Sembrerà assurdo, ma a pensarci bene ballo e botte vanno proprio a braccetto. Non è solo l'assonanza delle parole ad accomunarli, quanto l'attenzione per una coreografia che, quando si fa incalzante e puntuale, corteggia tutti i sensi: la vista, l'udito e, soprattutto nel caso dei videogiochi, il tatto. Il ritmo del balletto si "sente" perfino in quei titoli dove la musica non è necessariamente protagonista. Vi ricordate il momento in cui si entra nel Club di Sifu e i bassi cominciano a sottolineare ogni pugno portato contro gli avversari? Ecco, i Brain Jar Games devono aver pensato che unire quella sinfonia di cazzotti alla disco music potesse essere una gran bella trovata. L'idea funziona già su carta, senza troppo contesto: un videogioco che adatta il ritmo dei colpi ai BPM del brano in sottofondo. Il titolo è altrettanto forte: Dead As Disco.
Se però non vi bastasse solo l'idea, questo team di veterani, al lavoro sul primo grande progetto dello studio, pesca da un mucchio di altra roba di culto e costruisce attorno a Dead As Disco una personalità irresistibile, sia a livello di immaginario che di estetica. Basta muovere i primi passi sulla pista da ballo per trovarci dentro - oltre al suddetto Sifu - anche frammenti di No More Heroes, un po' di Furi e un po' di Cyberpunk 2077. Un mix magnetico che tiene insieme Occidente e Oriente in un continuo scambio pop che coinvolge anche la musica: dalla disco al rap, dal k-pop all'hard rock.

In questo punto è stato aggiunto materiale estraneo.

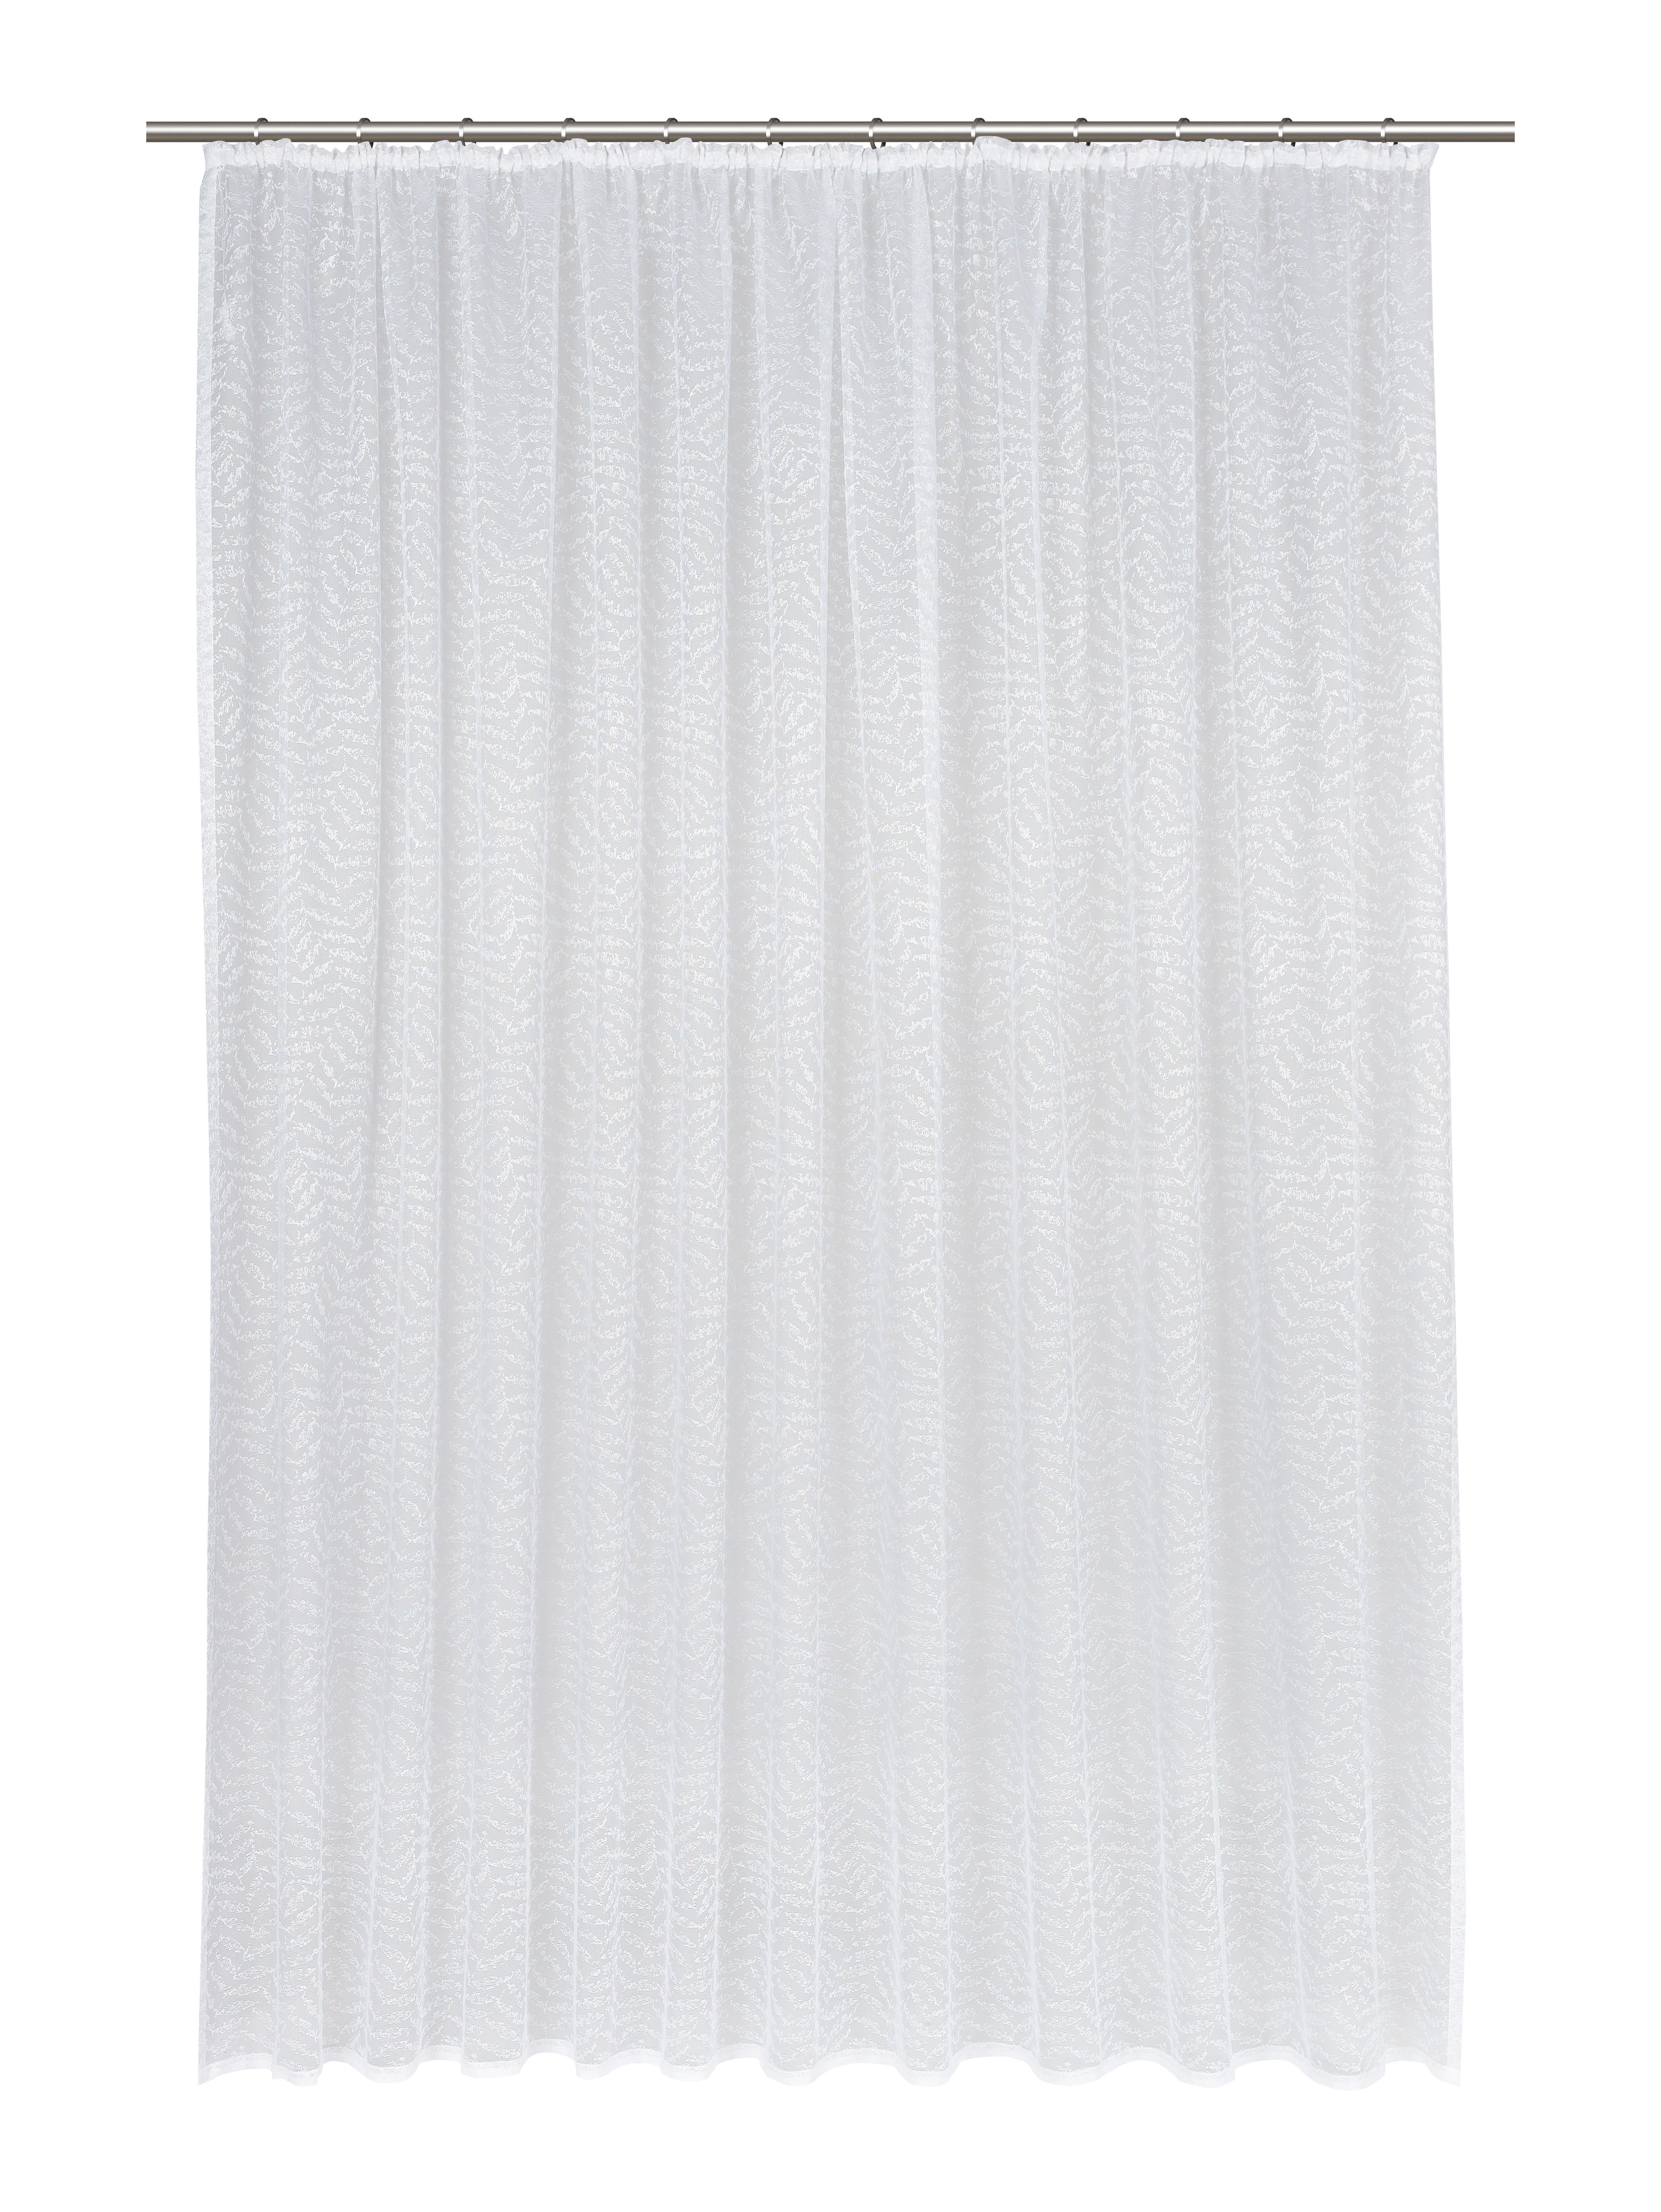 Készfüggöny Rita Store 300/245cm - Fehér, konvencionális, Textil (300/245cm) - Modern Living

Una sorta di medley, di musical dove ogni livello è a metà tra una battaglia con il boss di turno e un brano di Guitar Hero.
Giorgio Moroder, dio della disco music, diceva che il suo era un genere fatto per ballare, ma Dead As Disco non si ferma ai synth degli anni '70. Anzi, nel novero delle tracce disponibili inserisce miriadi di influenze, cupe e colorate, che pescano dall'immaginario metal fino a quello asiatico. Poi, con la grazia di un Tony Manero che piroetta su se stesso e alza il dito al cielo, sfodera la sua mossa segreta: la possibilità di inserire i propri brani e di "ballarli". Il gioco è attualmente in accesso anticipato e noi ci siamo scatenati al ritmo del suo magico ritornello.
Chi ha incastrato Charlie Disco?
Uno dei grandi misteri musicali del mondo di gioco è: com'è morto Charlie Disco, il leggendario batterista della band Dead As Disco? Il nome del gruppo in cui suonava non era di certo di buon auspicio per lui, ma le circostanze della sua dipartita restano poco chiare. Quel che è certo è che la sua scomparsa ha di fatto significato una gran fortuna e una carriera lampo per i suoi colleghi: gli altri membri della band che, nei loro percorsi da solisti, hanno conosciuto un successo senza precedenti. Così, mentre il ricordo di Charlie sbiadiva, Aurora, la cantante, diventava una dea del k-pop, Dex, il chitarrista, metteva su la sua band hard rock e Hemlock, il bassista, costruiva una carriera costellata da bassi irresistibili.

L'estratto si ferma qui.